I'm not experienced about python, so if there is any wrong in my words, just tell me. If your file hierarchy arranged like this:

project\
    module_1.py 
    module_2.py

module_1.py defines a function called func_1(), module_2.py:

from module_1 import func_1

def func_2():
    func_1()

if __name__ == '__main__':
    func_2()

and you run python module_2.py in cmd, it will do run what func_1() defines. That's usually how we import same hierarchy files. But when you write from .module_1 import func_1 in module_2.py, python interpreter will say No module named '__main__.module_1'; '__main__' is not a package. So to fix this, we just keep the change we just make, and move both of the module to a package, and make a third module as a caller to run module_2.py.

project\
    package_1\
        module_1.py
        module_2.py
    main.py

main.py:

from package_1.module_2 import func_2

def func_3():
    func_2()

if __name__ == '__main__':
    func_3()

But the reason we add a . before module_1 in module_2.py is that if we don't do that and run main.py, python interpreter will say No module named 'module_1', that's a little tricky, module_1.py is right beside module_2.py. Now I let func_1() in module_1.py do something:

def func_1():
    print(__name__)

that __name__ records who calls func_1. Now we keep the . before module_1 , run main.py, it will print package_1.module_1, not module_1. It indicates that the one who calls func_1() is at the same hierarchy as main.py, the . imply that module_1 is at the same hierarchy as module_2.py itself. So if there isn't a dot, main.py will recognize module_1 at the same hierarchy as itself, it can recognize package_1, but not what "under" it.

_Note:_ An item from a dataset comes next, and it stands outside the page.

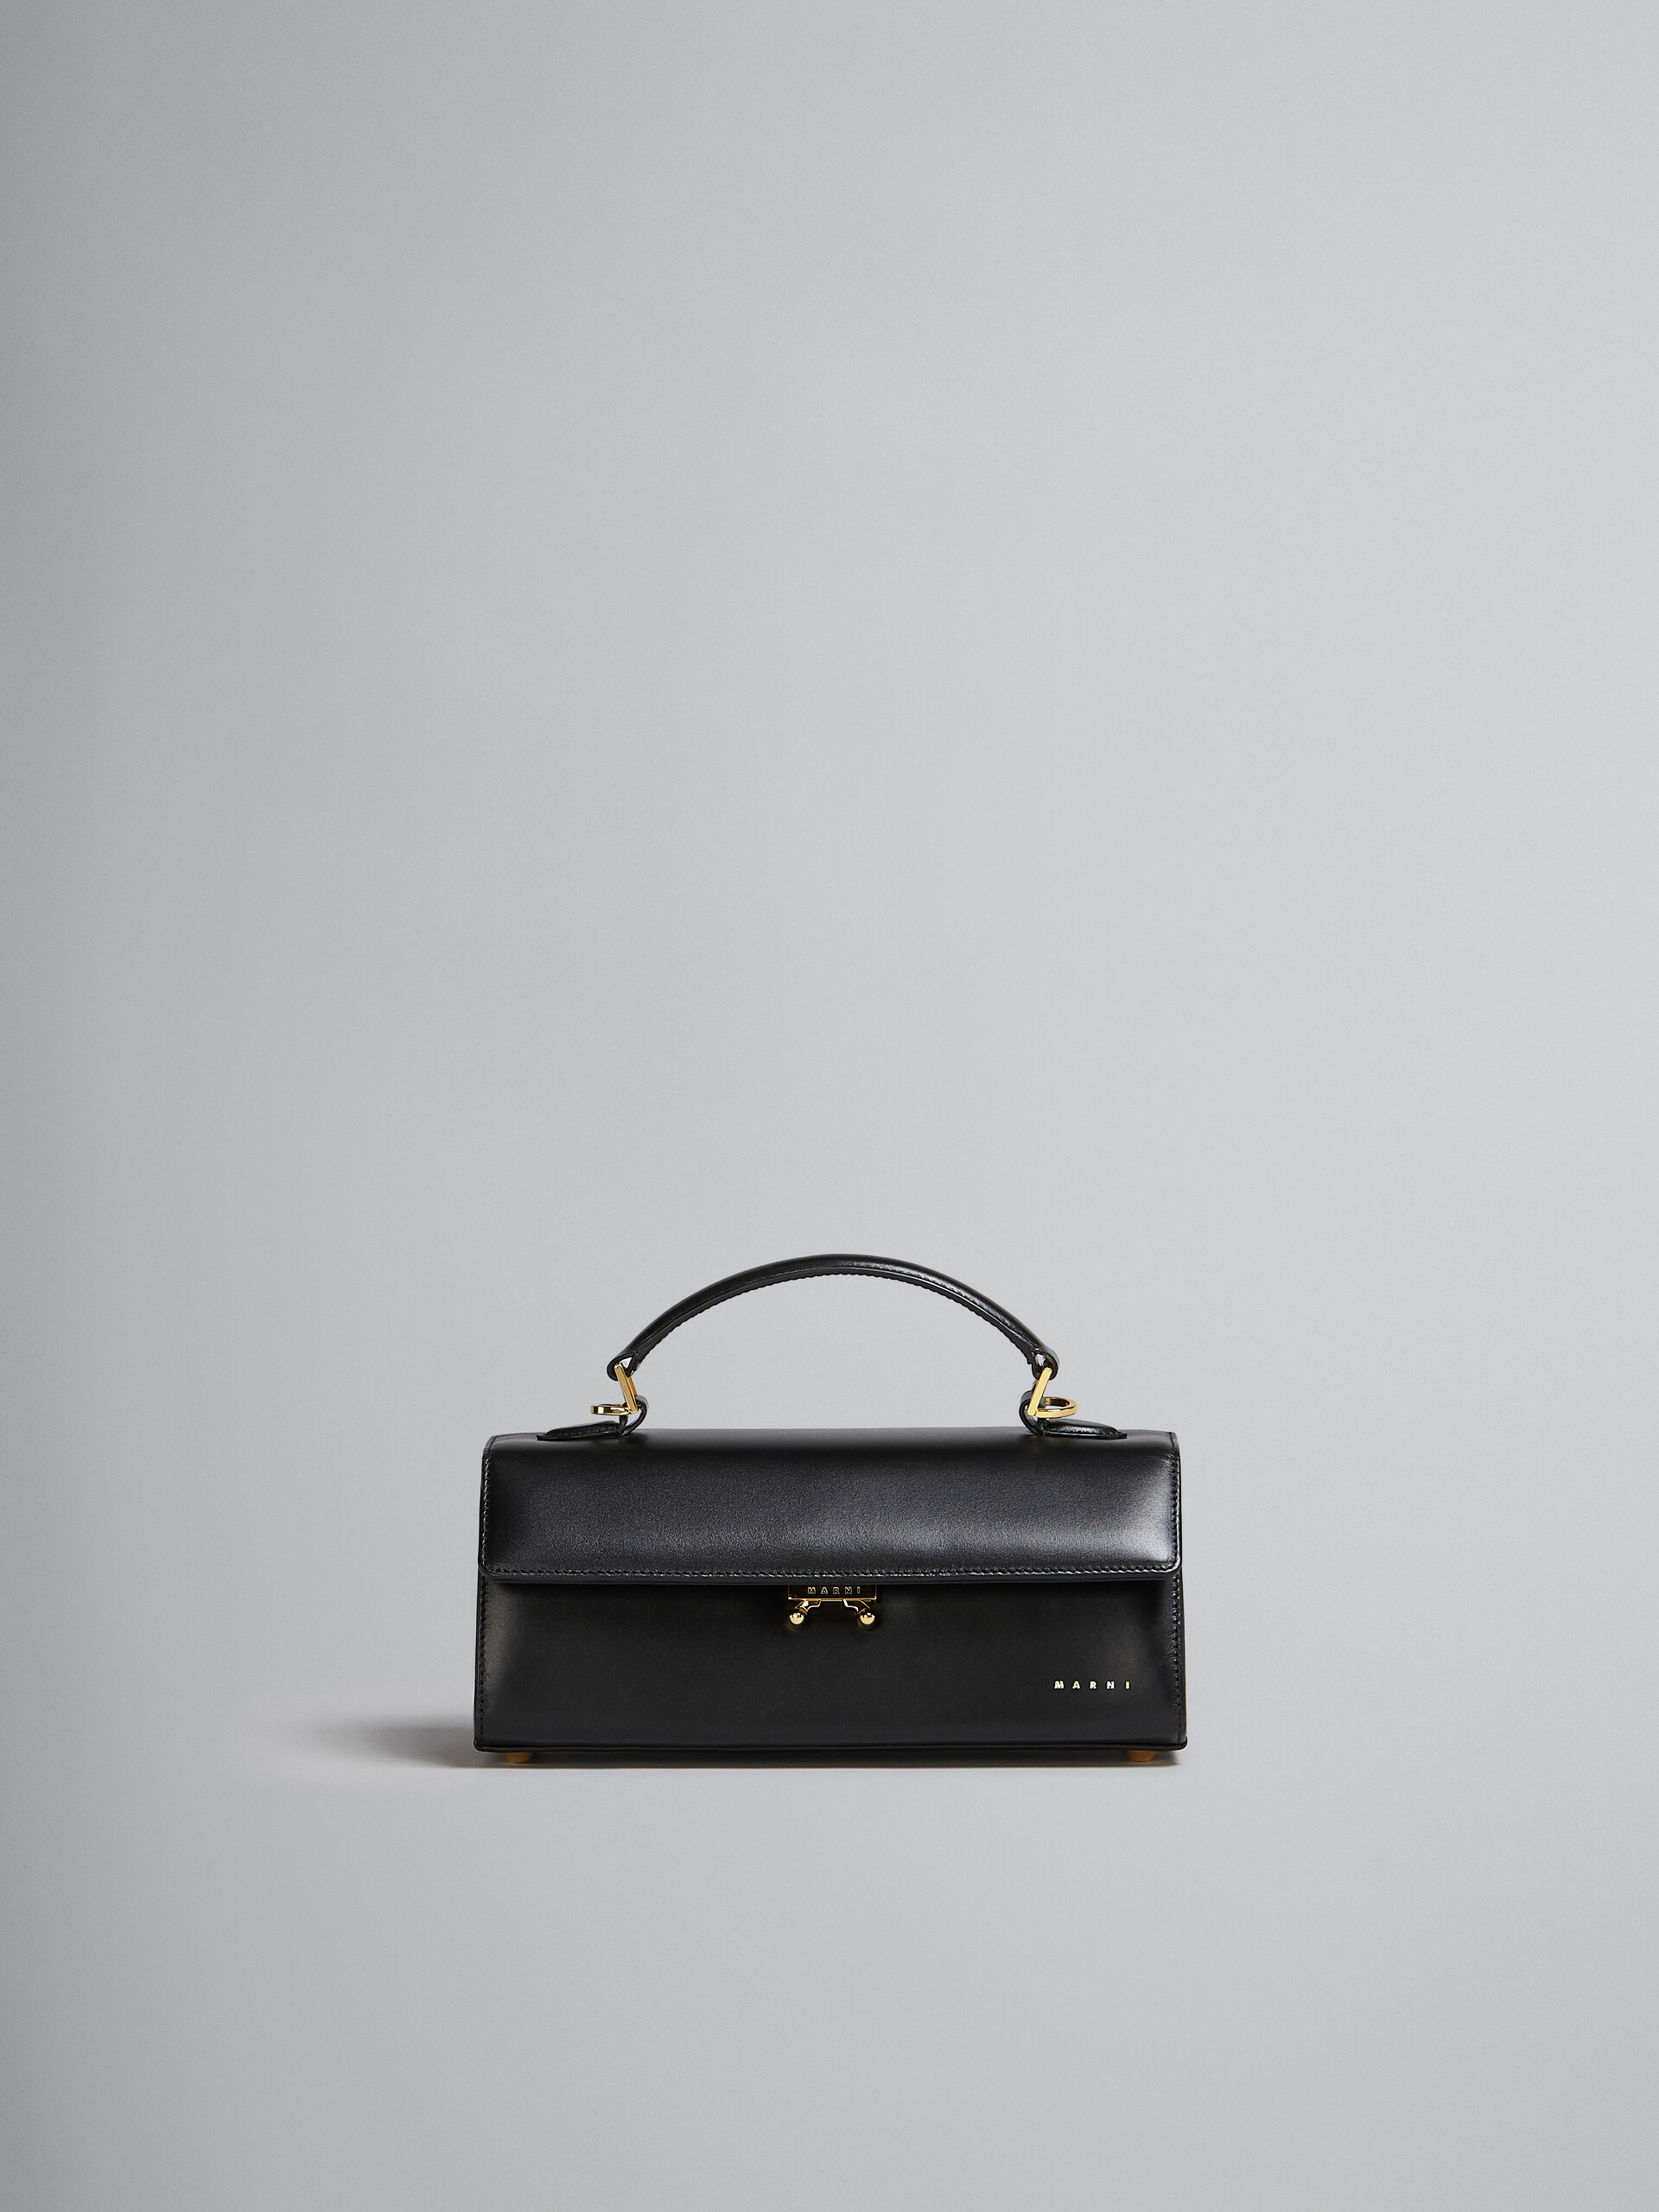 Relativity Medium Bag in black leather - Handbag - Image 1

Now let's make it a bit complicated. You have a config.ini and a module defines a function to read it at the same hierarchy as 'main.py'.

project\
    package_1\
        module_1.py
        module_2.py
    config.py
    config.ini
    main.py

And for some unavoidable reason, you have to call it with module_2.py, so it has to import from upper hierarchy.module_2.py:

 import ..config
 pass

Two dots means import from upper hierarchy (three dots access upper than upper,and so on). Now we run main.py, the interpreter will say:ValueError:attempted relative import beyond top-level package. The "top-level package" at here is main.py. Just because config.py is beside main.py, they are at same hierarchy, config.py isn't "under" main.py, or it isn't "leaded" by main.py, so it is beyond main.py. To fix this, the simplest way is:

project\
    package_1\
        module_1.py
        module_2.py
    config.py
    config.ini
main.py

I think that is coincide with the principle of arrange project file hierarchy, you should arrange modules with different function in different folders, and just leave a top caller in the outside, and you can import how ever you want.


c
californium

This also works, and is much simpler than anything with the sys module:

with open("C:/yourpath/foobar.py") as f:
    eval(f.read())

If OP was going to hardcode a path, they could just insert that path into the PYTHONPATH anyway. I think the point is doing so in a manner that does not hardcode a path since it would break anywhere else.
P
Peter Mortensen

Call me overly cautious, but I like to make mine more portable because it's unsafe to assume that files will always be in the same place on every computer. Personally I have the code look up the file path first. I use Linux so mine would look like this:

import os, sys
from subprocess import Popen, PIPE
try:
    path = Popen("find / -name 'file' -type f", shell=True, stdout=PIPE).stdout.read().splitlines()[0]
    if not sys.path.__contains__(path):
        sys.path.append(path)
except IndexError:
    raise RuntimeError("You must have FILE to run this program!")

That is of course unless you plan to package these together. But if that's the case you don't really need two separate files anyway.


Files will always be in the same place on every computer, given a relative path.